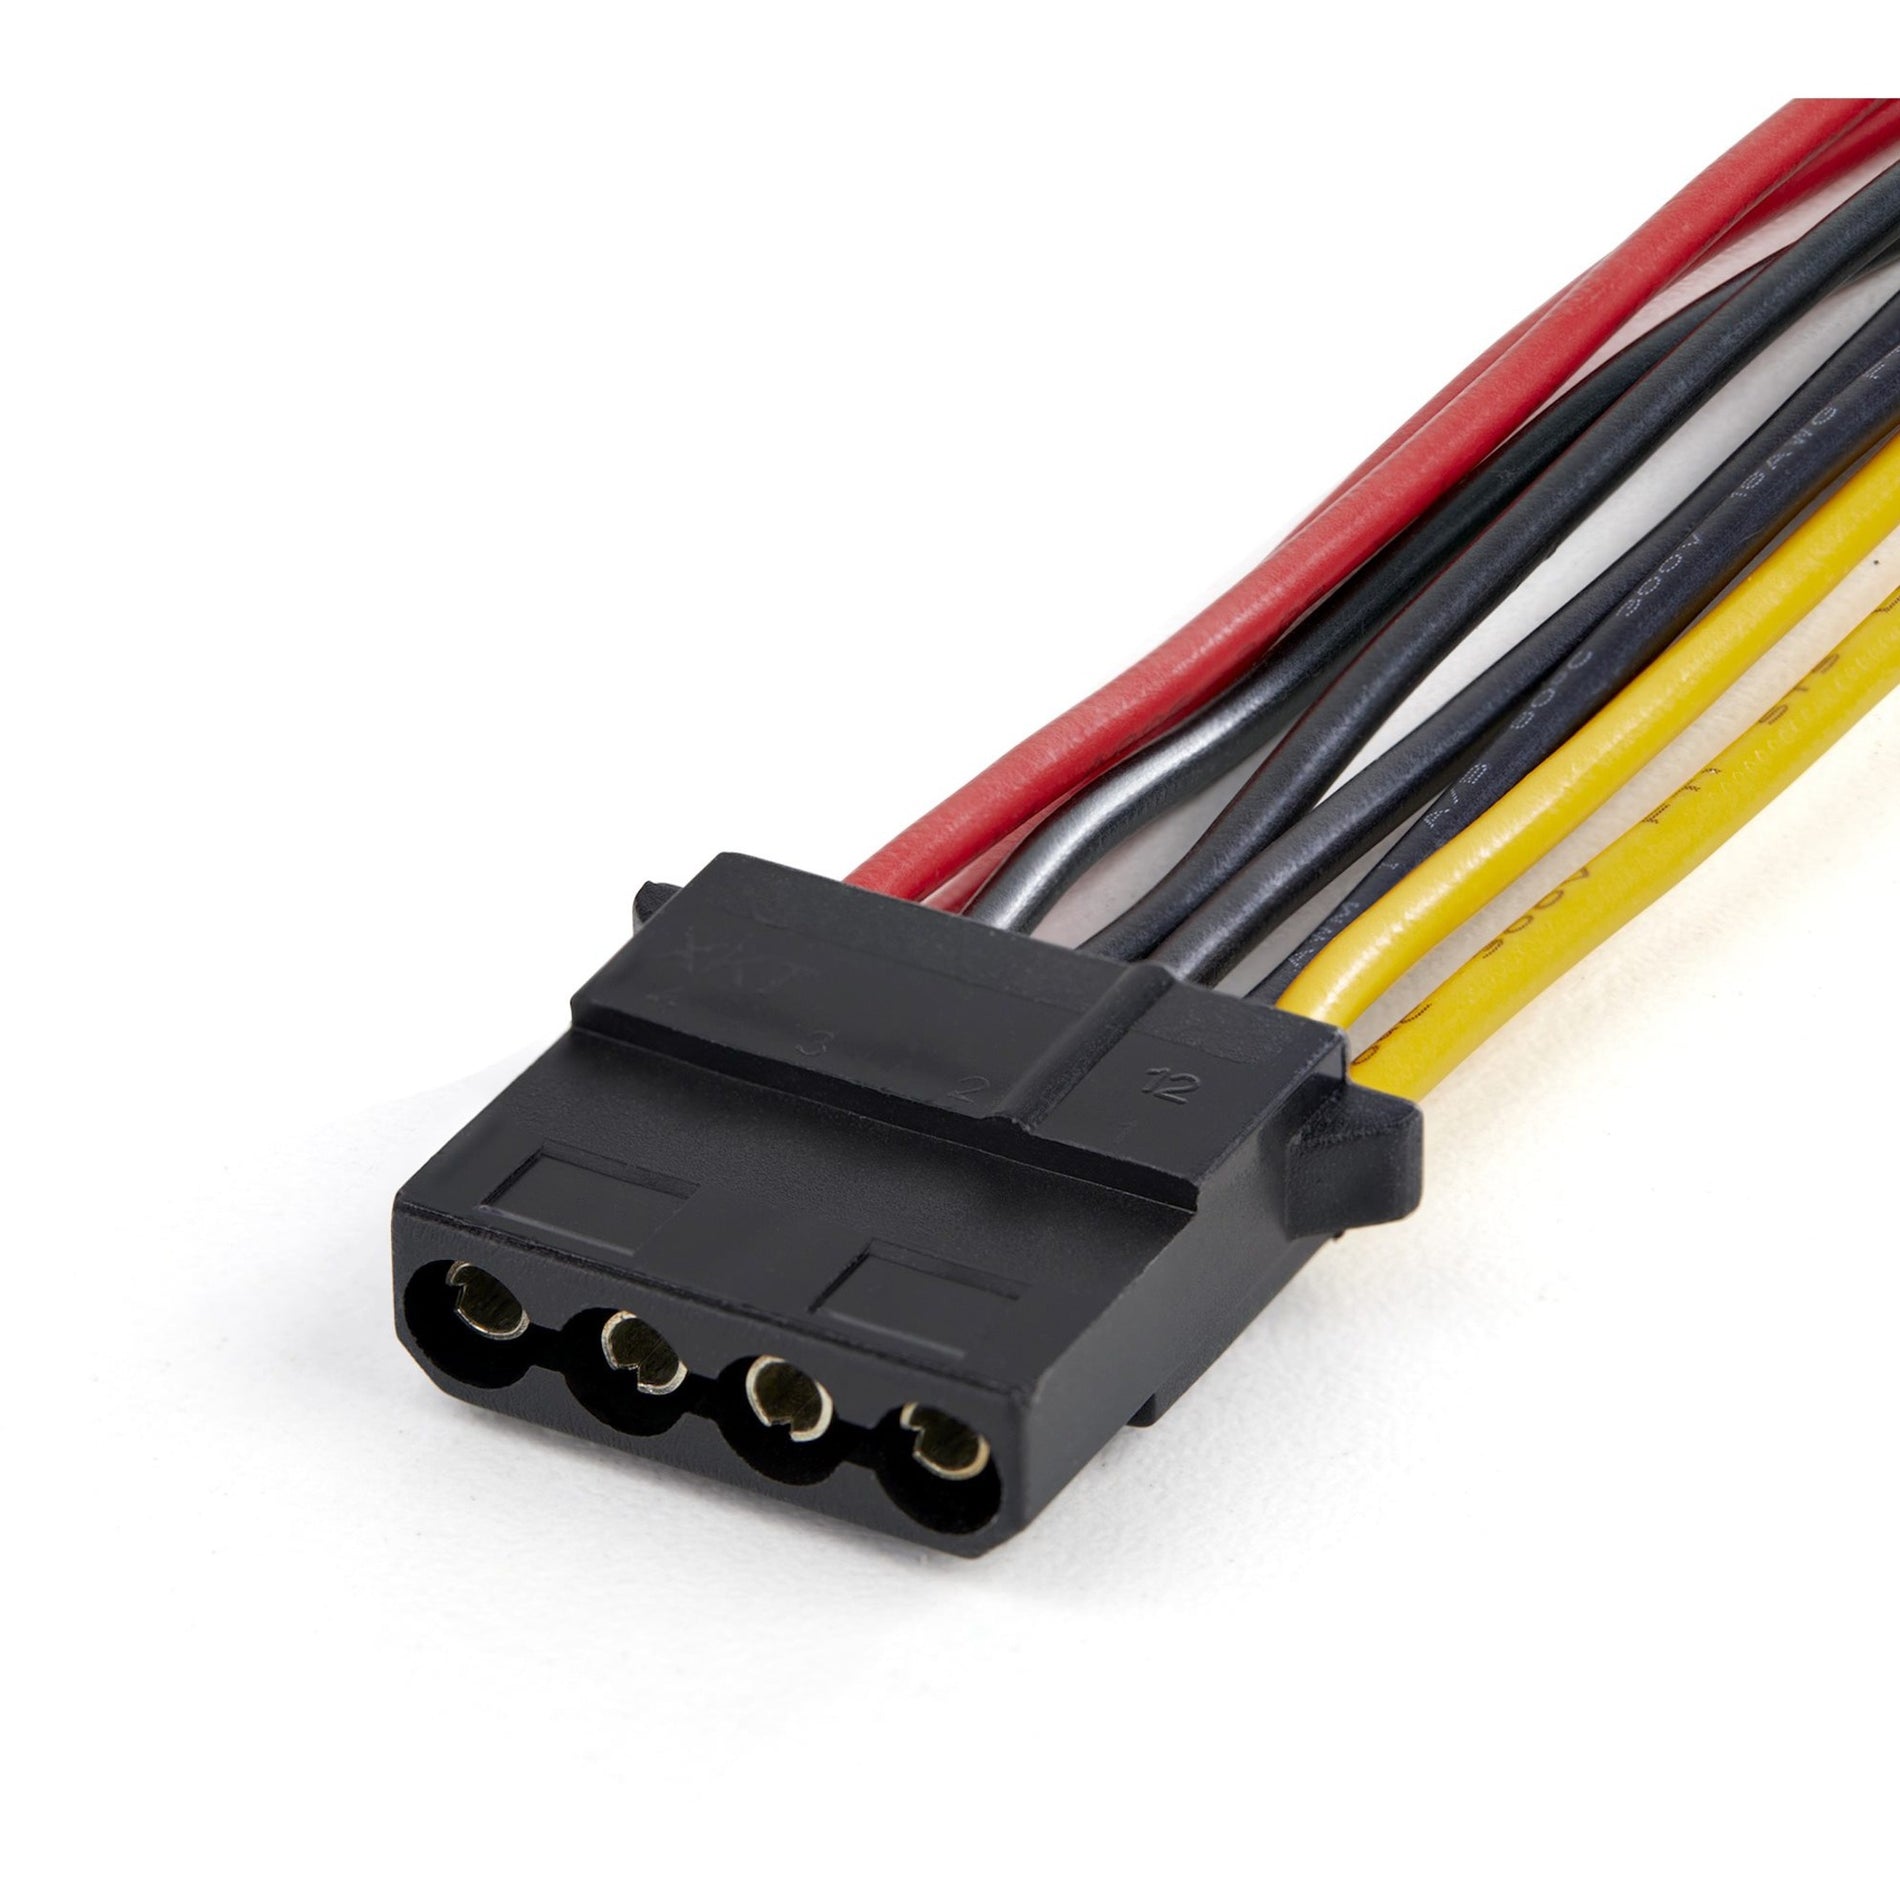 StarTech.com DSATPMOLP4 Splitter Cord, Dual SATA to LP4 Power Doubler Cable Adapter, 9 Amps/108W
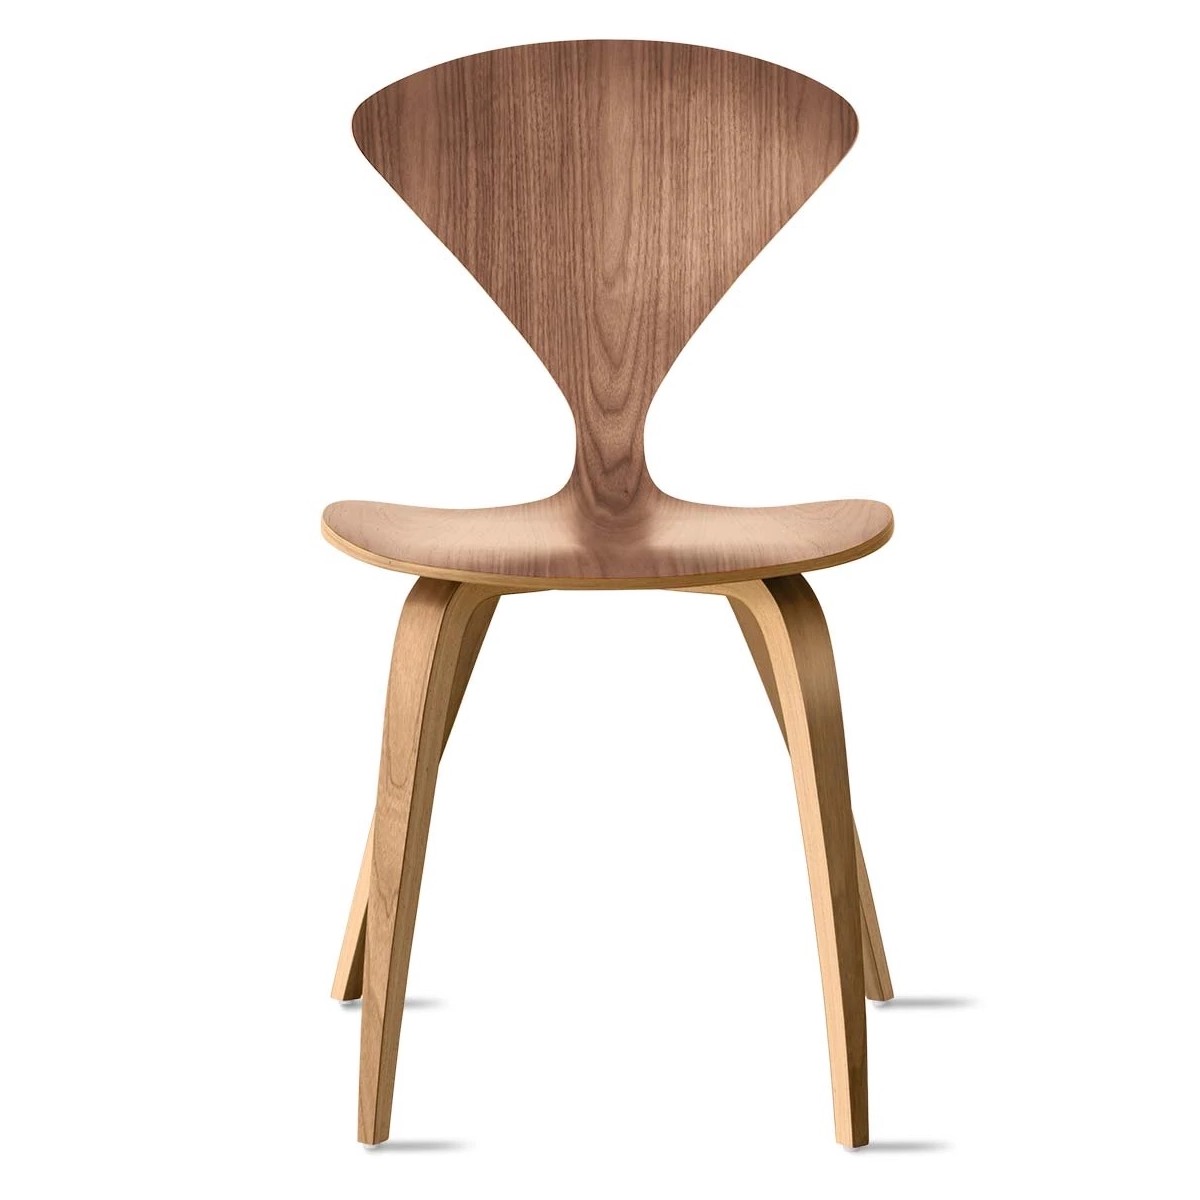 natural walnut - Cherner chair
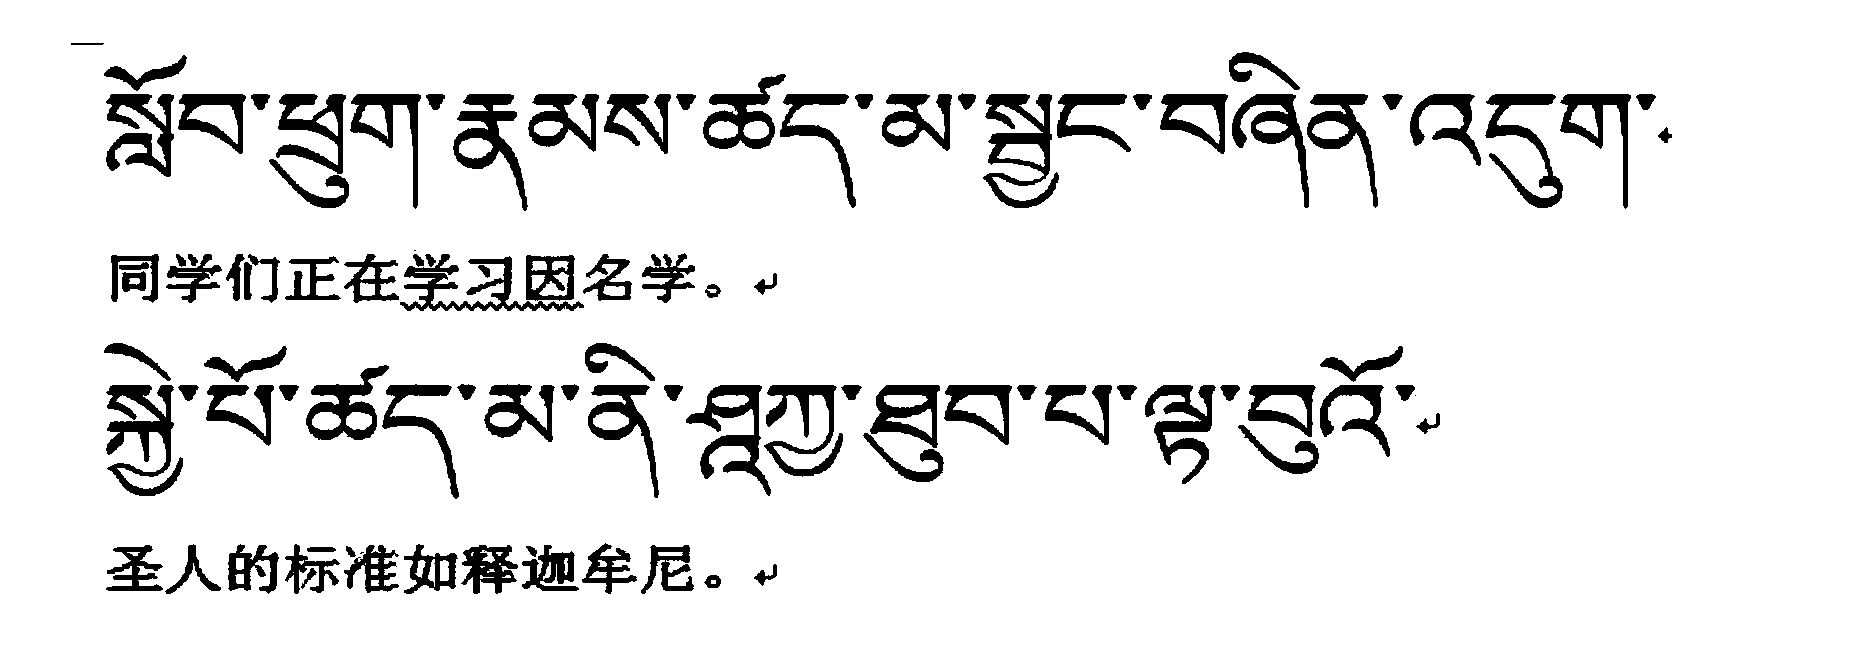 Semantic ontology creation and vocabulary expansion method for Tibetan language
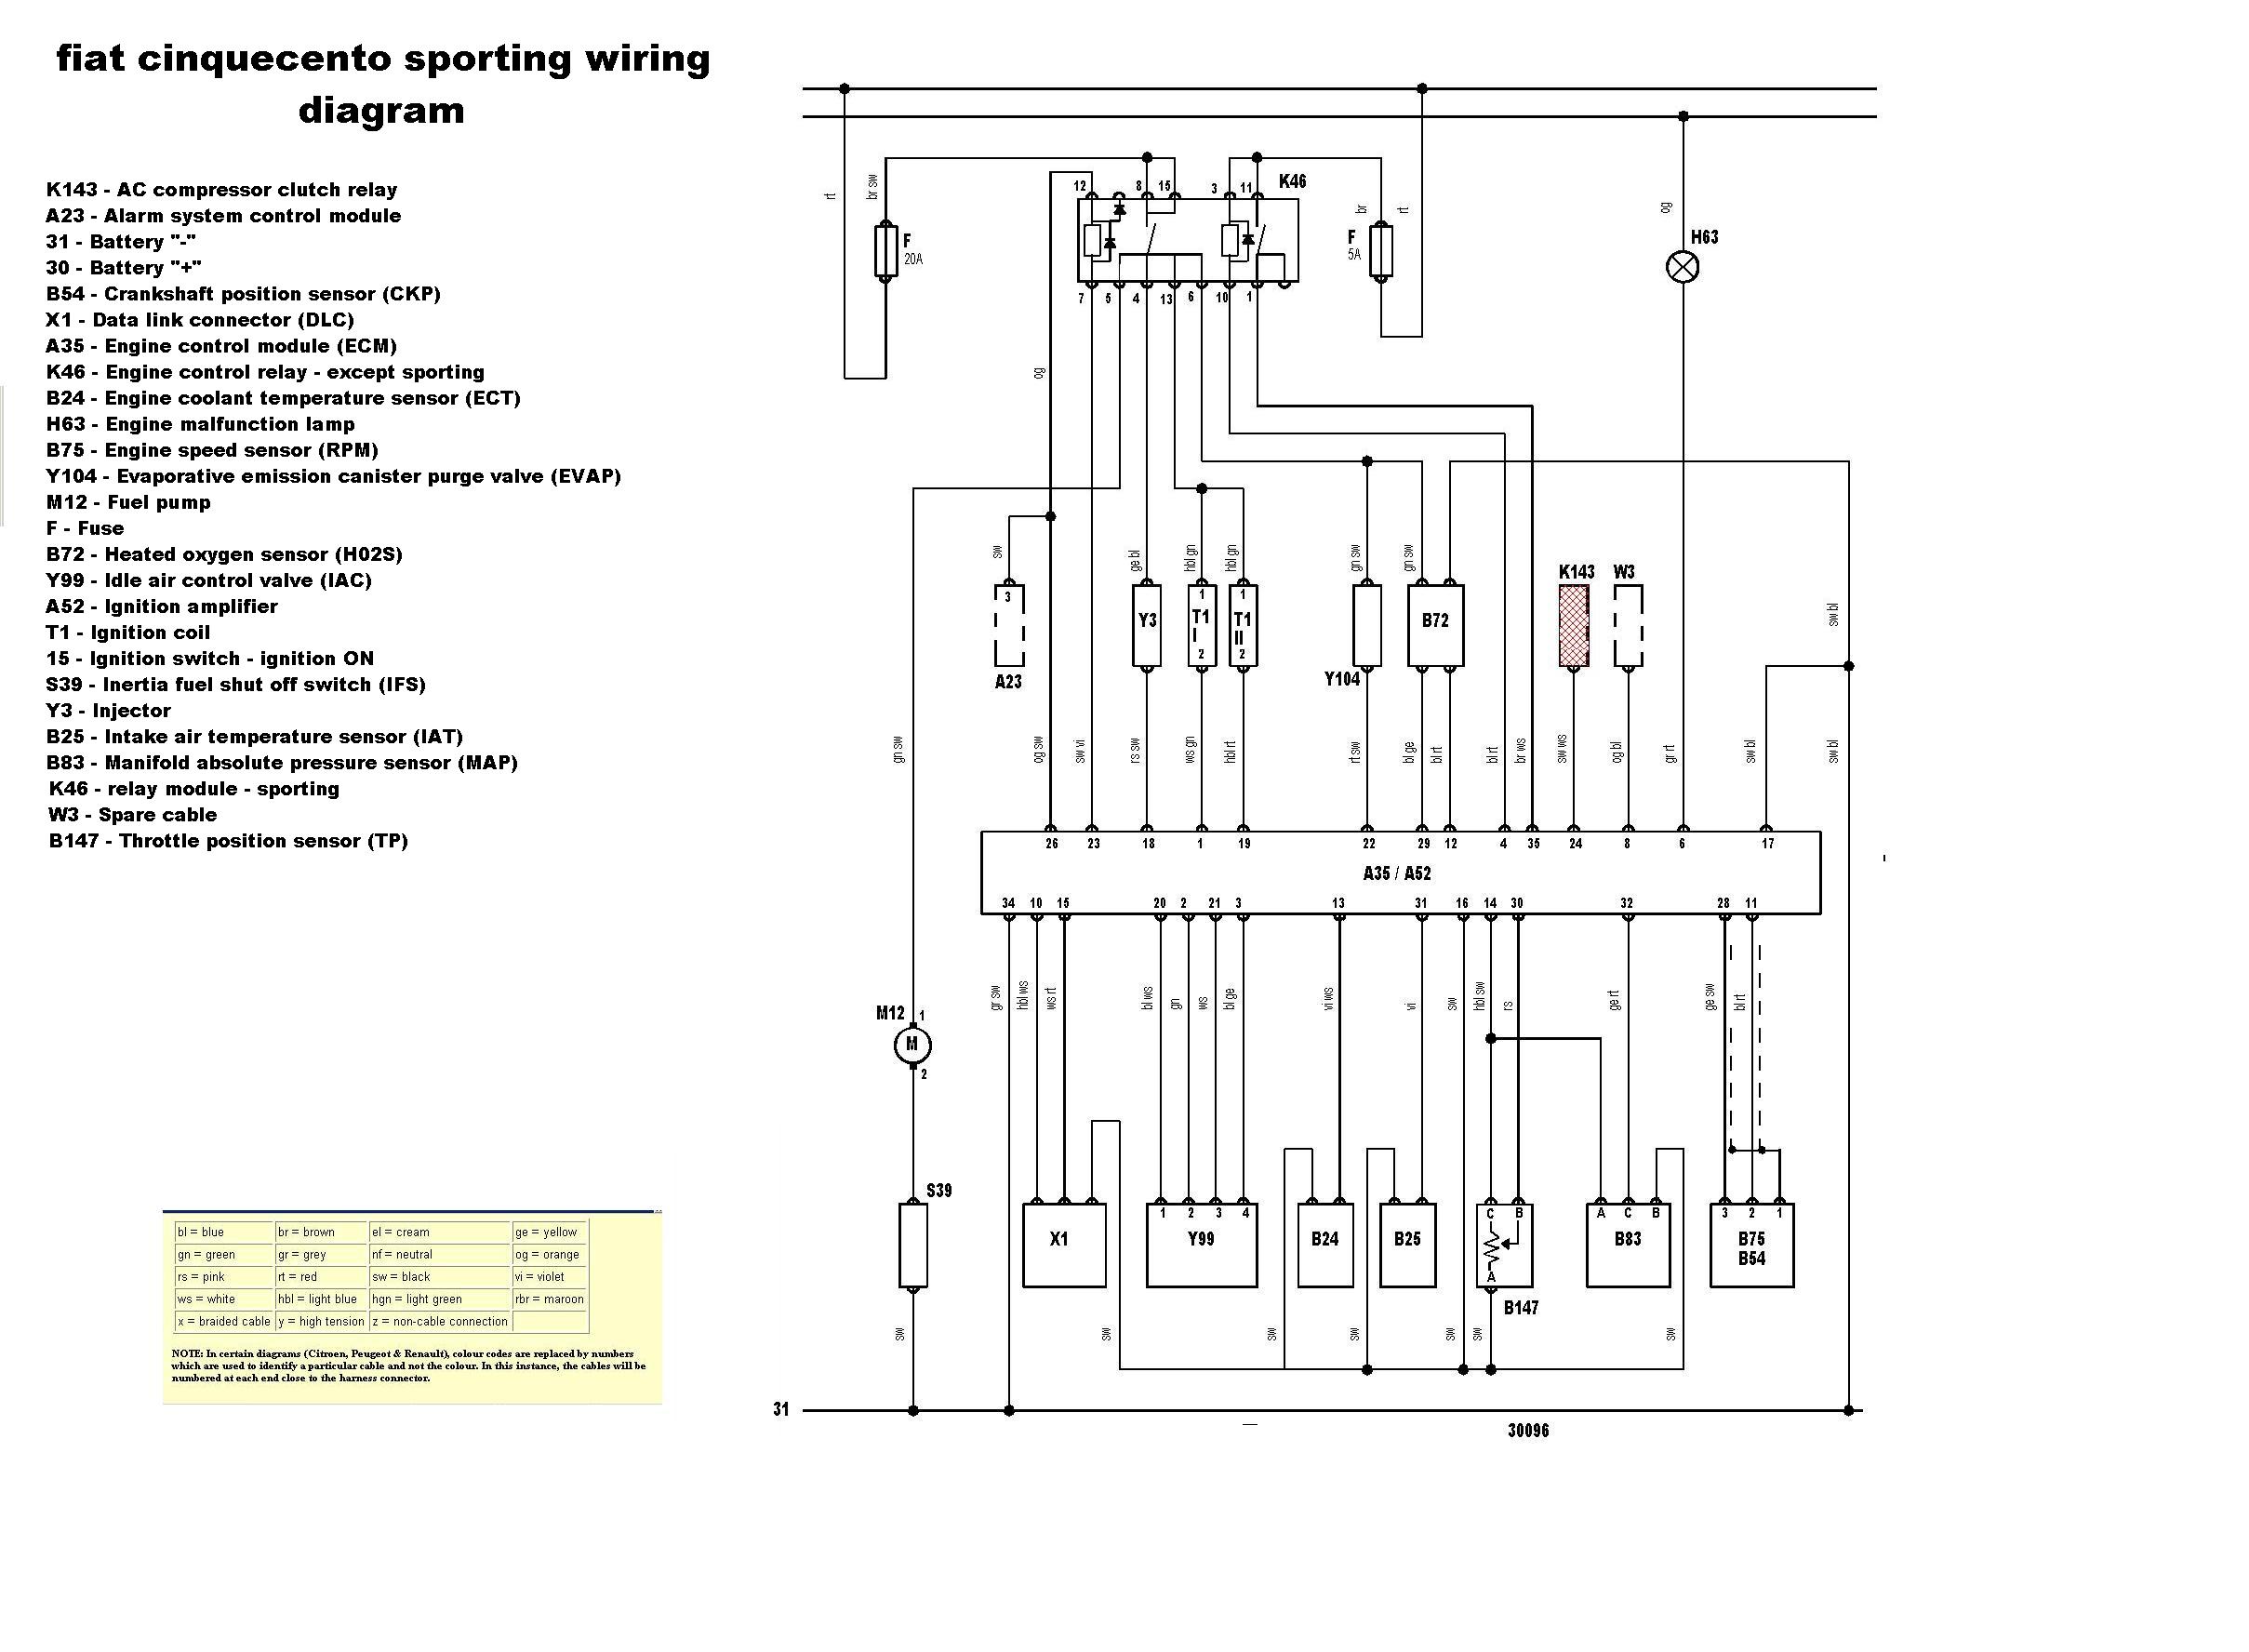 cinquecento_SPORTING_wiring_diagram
==*==
→ **THE TASK**: Go through the lines above and write each one out verbatim, skipping the pictures.

→ **RESULT OF THIS EXERCISE**:
 StarTech.com DSATPMOLP4 Splitter Cord, Dual SATA to LP4 Power Doubler Cable Adapter, 9 Amps/108W
 natural walnut - Cherner chair
 Semantic ontology creation and vocabulary expansion method for Tibetan language
 cinquecento_SPORTING_wiring_diagram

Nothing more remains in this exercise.